Render every line of the data exactly as written, and leave out the pictures.

Available data:
□ □ □ □ □ □ □
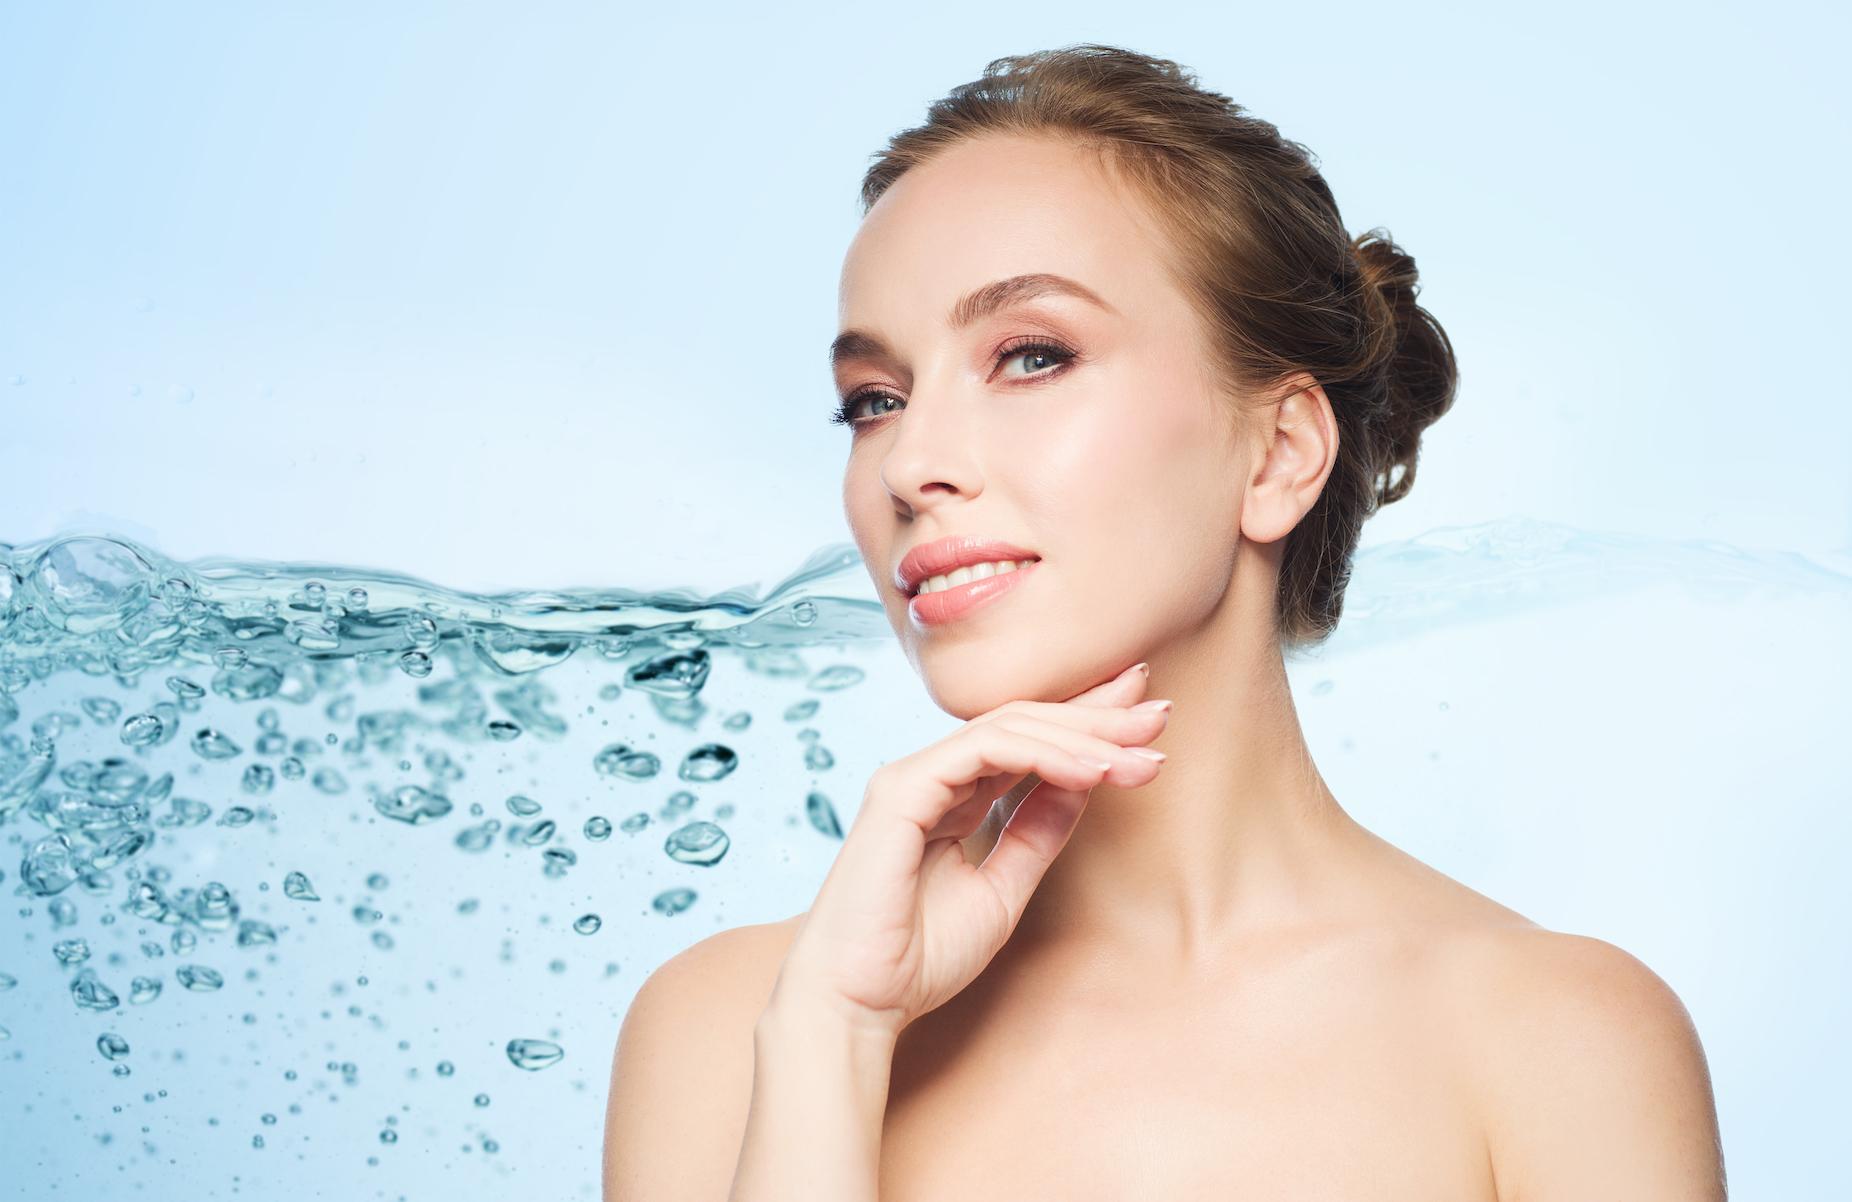 Secret Beauty Club Let's Look at Hyaluronic Acid
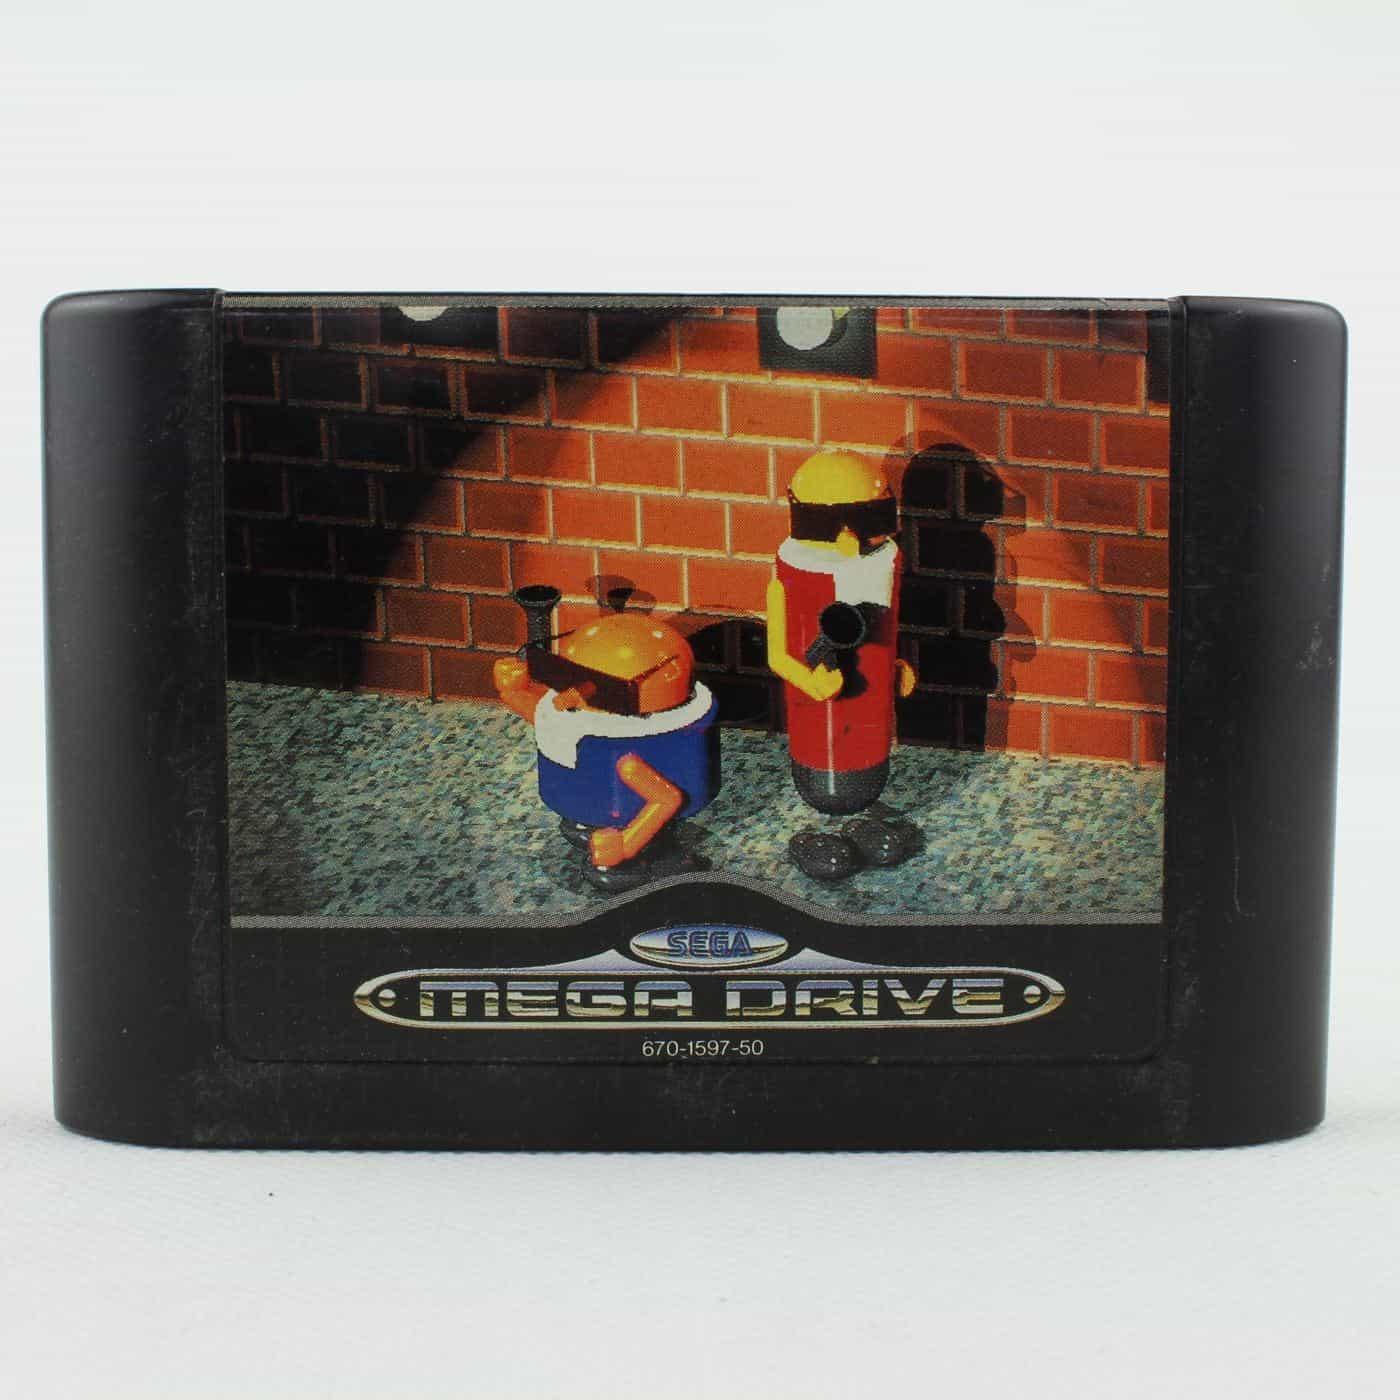 Bonanza Bros. (SEGA Mega Drive - Cartridge)
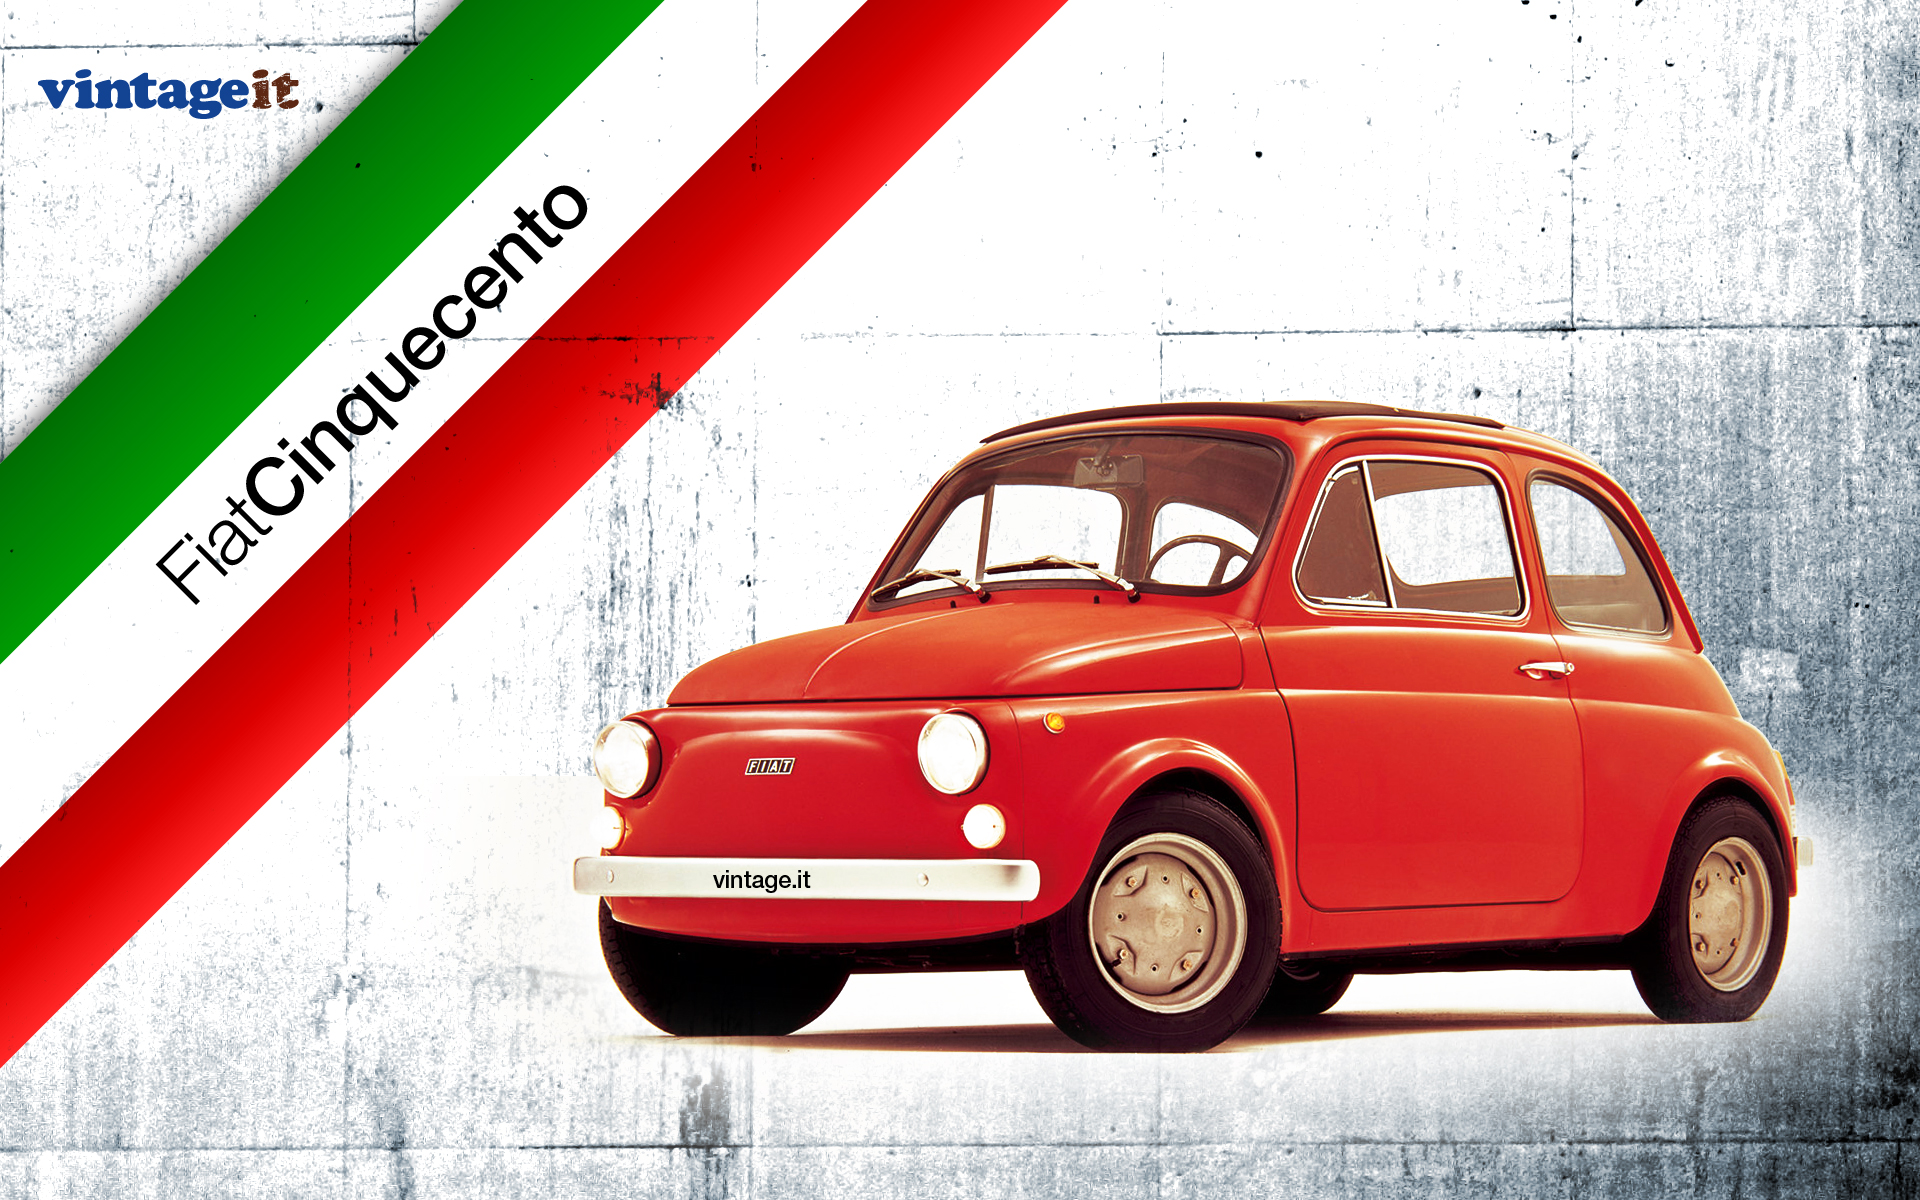 Fiat 500 Wallpaper 19   1920 X 1200 stmednet 1920x1200
□ □ □ □ □ □ □
Task output:
 Secret Beauty Club Let's Look at Hyaluronic Acid
 Bonanza Bros. (SEGA Mega Drive - Cartridge)
 Fiat 500 Wallpaper 19   1920 X 1200 stmednet 1920x1200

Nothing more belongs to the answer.